Dataset records:
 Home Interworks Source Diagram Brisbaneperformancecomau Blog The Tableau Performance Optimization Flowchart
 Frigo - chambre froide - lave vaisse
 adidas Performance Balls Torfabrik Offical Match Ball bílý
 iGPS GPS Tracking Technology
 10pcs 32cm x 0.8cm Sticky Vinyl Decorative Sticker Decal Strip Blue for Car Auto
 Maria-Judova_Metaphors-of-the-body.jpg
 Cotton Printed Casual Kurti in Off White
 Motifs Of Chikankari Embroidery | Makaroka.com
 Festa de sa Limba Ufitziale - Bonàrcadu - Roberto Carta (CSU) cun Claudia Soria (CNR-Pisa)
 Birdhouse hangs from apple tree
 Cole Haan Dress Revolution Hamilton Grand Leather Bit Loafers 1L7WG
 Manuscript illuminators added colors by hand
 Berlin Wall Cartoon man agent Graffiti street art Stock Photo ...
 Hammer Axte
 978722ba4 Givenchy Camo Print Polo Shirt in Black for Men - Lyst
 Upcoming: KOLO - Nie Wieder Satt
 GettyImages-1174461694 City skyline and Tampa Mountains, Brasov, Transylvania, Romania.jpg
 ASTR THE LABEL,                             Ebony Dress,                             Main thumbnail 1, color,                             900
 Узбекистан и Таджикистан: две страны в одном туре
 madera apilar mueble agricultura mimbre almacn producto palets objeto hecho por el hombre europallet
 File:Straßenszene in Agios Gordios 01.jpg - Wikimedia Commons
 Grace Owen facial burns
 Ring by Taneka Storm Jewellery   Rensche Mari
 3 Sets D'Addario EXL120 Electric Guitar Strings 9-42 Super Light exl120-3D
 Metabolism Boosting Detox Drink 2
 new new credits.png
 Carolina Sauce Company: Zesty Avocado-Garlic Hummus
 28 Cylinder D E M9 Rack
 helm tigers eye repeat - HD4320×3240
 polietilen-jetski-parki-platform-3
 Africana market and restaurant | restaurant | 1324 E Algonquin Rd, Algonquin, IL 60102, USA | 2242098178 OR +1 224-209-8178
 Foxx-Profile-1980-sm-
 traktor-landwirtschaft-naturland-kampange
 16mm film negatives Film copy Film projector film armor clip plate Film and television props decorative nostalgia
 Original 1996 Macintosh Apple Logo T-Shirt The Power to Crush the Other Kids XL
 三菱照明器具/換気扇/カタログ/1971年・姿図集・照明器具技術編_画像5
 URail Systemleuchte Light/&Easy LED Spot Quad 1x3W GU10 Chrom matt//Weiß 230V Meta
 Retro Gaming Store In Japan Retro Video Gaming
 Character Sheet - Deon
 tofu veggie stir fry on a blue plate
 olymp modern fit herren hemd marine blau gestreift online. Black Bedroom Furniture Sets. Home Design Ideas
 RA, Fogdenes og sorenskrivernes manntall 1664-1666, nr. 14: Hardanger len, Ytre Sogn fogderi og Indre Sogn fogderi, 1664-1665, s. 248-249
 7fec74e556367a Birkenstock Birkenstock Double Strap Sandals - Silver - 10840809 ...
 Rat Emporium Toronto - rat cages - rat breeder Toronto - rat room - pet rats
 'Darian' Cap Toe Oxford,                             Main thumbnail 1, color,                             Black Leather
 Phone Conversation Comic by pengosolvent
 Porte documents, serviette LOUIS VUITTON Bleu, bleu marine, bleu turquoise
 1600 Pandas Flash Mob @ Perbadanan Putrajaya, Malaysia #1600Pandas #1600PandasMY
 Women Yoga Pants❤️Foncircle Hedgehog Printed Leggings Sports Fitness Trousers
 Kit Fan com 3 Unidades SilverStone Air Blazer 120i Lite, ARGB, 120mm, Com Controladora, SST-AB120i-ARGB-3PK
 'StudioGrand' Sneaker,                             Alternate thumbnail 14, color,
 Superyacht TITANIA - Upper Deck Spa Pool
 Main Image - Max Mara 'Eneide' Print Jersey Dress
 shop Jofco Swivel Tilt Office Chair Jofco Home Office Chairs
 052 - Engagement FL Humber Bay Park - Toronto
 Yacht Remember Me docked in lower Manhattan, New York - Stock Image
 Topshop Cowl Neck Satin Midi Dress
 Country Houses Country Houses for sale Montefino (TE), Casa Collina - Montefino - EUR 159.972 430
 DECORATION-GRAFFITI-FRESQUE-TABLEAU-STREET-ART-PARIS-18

What needs to be done: In the data above, retype exactly and only the lines between the one holding "Retro Gaming Store" and the one holding "Rat Emporium Toronto", inclusive.

Response to this task:
 Retro Gaming Store In Japan Retro Video Gaming
 Character Sheet - Deon
 tofu veggie stir fry on a blue plate
 olymp modern fit herren hemd marine blau gestreift online. Black Bedroom Furniture Sets. Home Design Ideas
 RA, Fogdenes og sorenskrivernes manntall 1664-1666, nr. 14: Hardanger len, Ytre Sogn fogderi og Indre Sogn fogderi, 1664-1665, s. 248-249
 7fec74e556367a Birkenstock Birkenstock Double Strap Sandals - Silver - 10840809 ...
 Rat Emporium Toronto - rat cages - rat breeder Toronto - rat room - pet rats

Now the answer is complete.